WHAT THIS TASK INVOLVES: All the data that follows should be repeated exactly, without a single picture.

GIVEN MATERIAL:
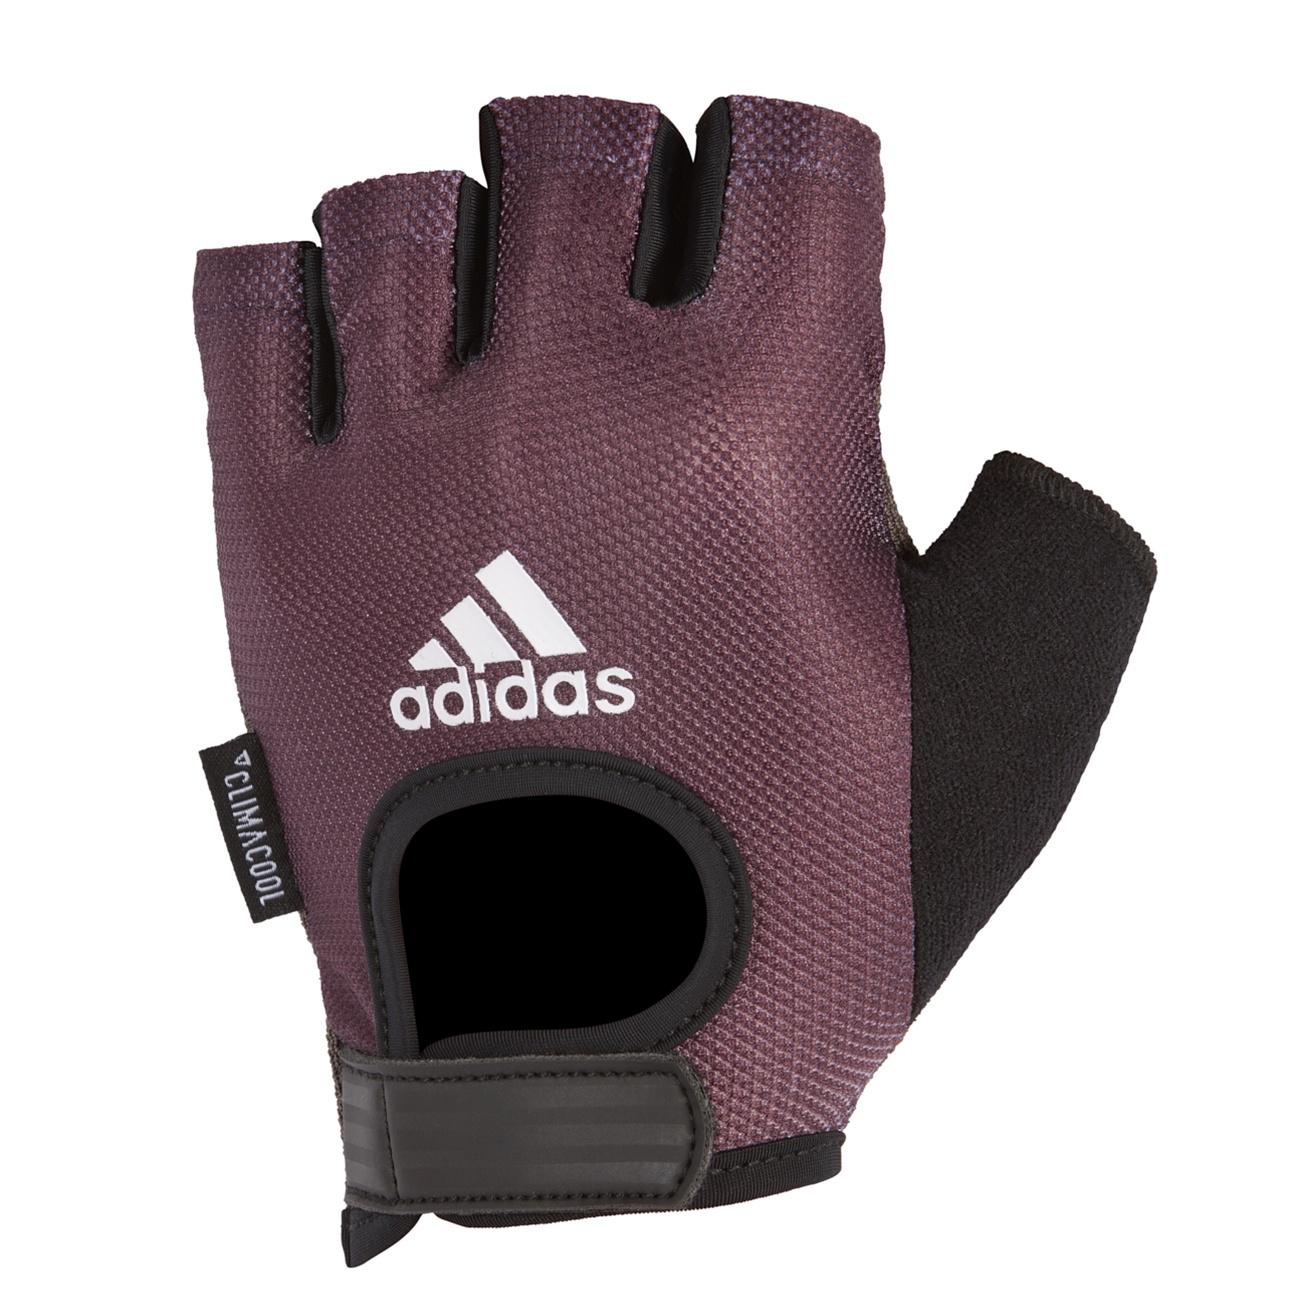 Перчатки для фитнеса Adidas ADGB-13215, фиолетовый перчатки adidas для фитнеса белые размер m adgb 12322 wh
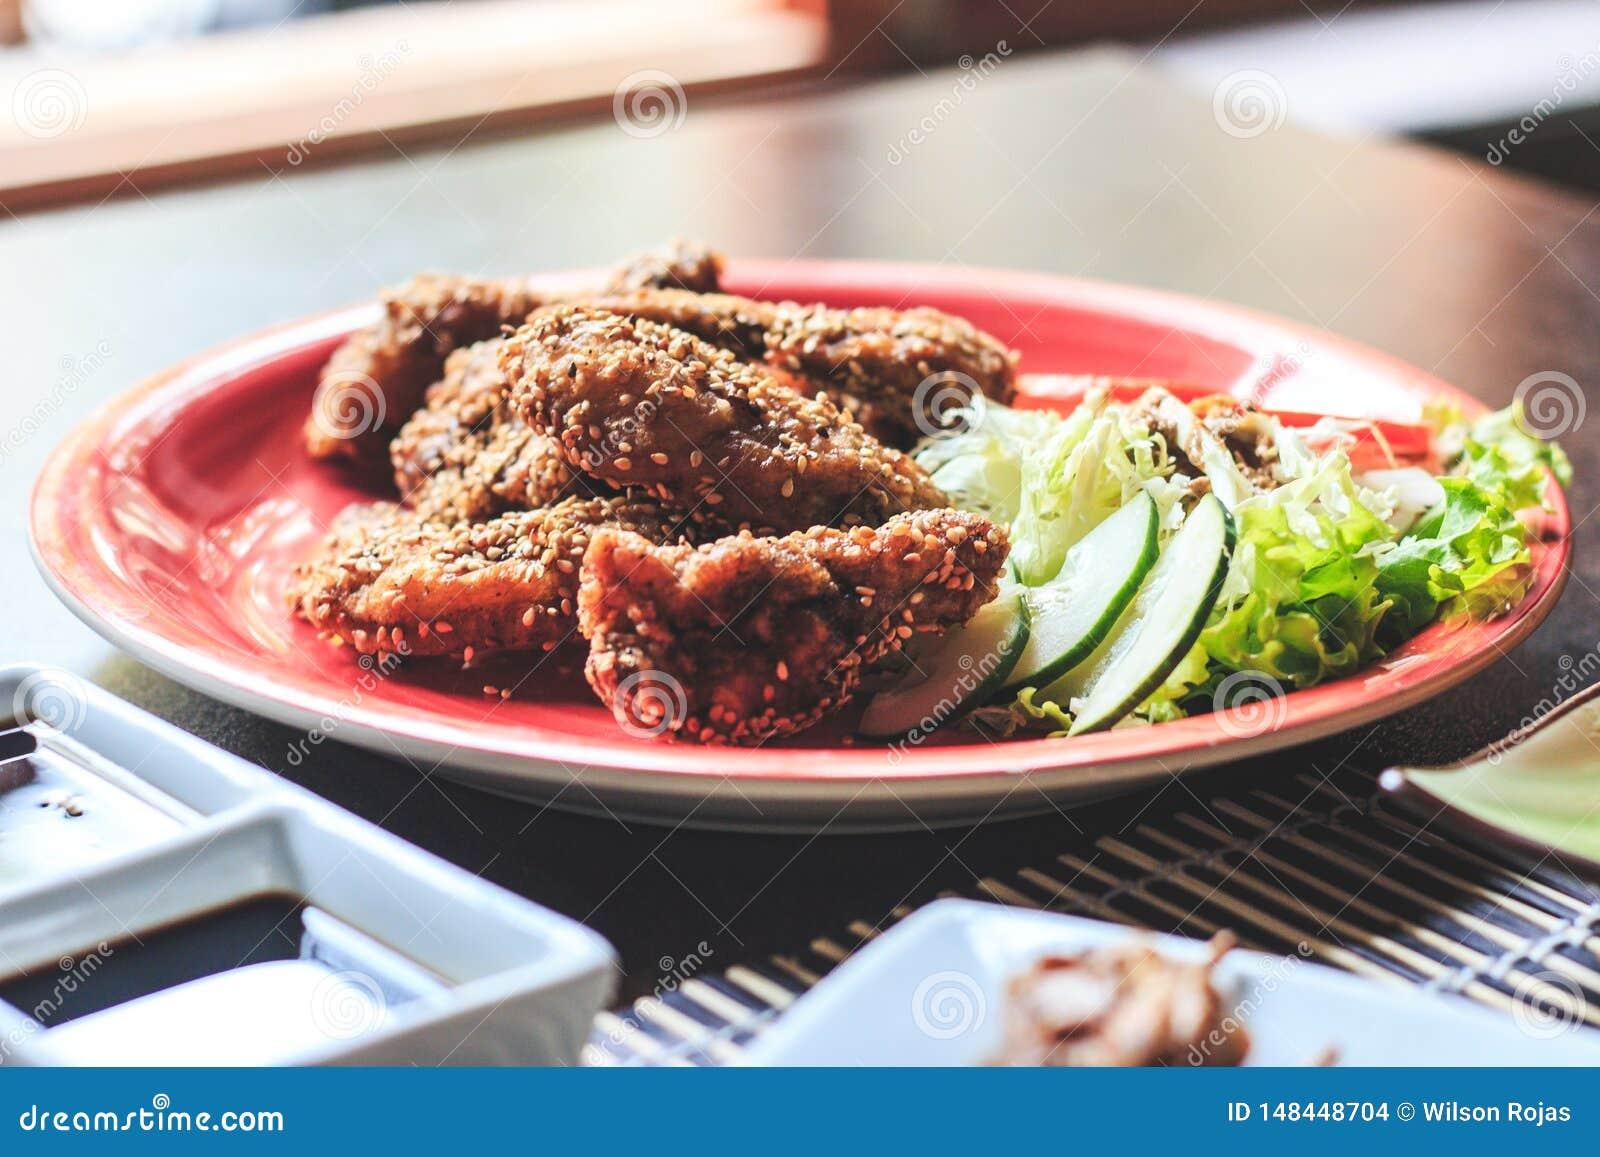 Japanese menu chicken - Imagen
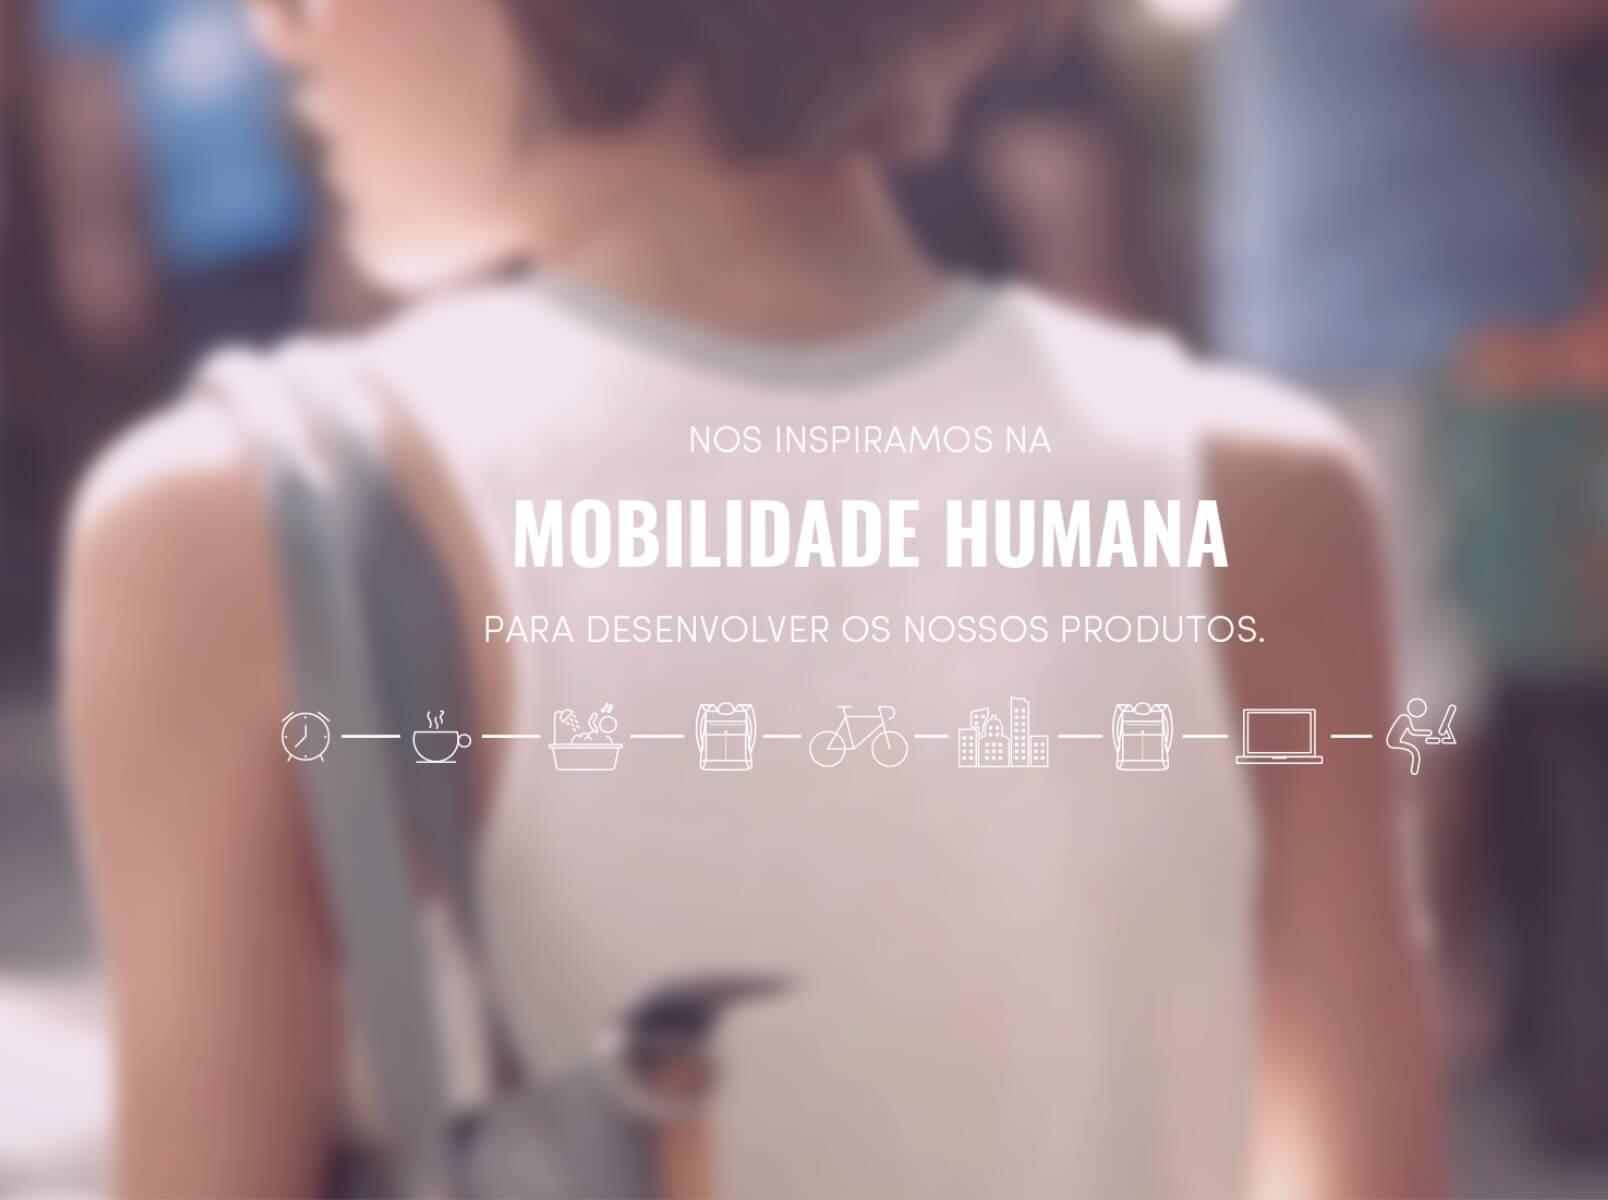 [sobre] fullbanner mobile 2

ANSWER TO THIS PROBLEM:
 Перчатки для фитнеса Adidas ADGB-13215, фиолетовый перчатки adidas для фитнеса белые размер m adgb 12322 wh
 Japanese menu chicken - Imagen
 [sobre] fullbanner mobile 2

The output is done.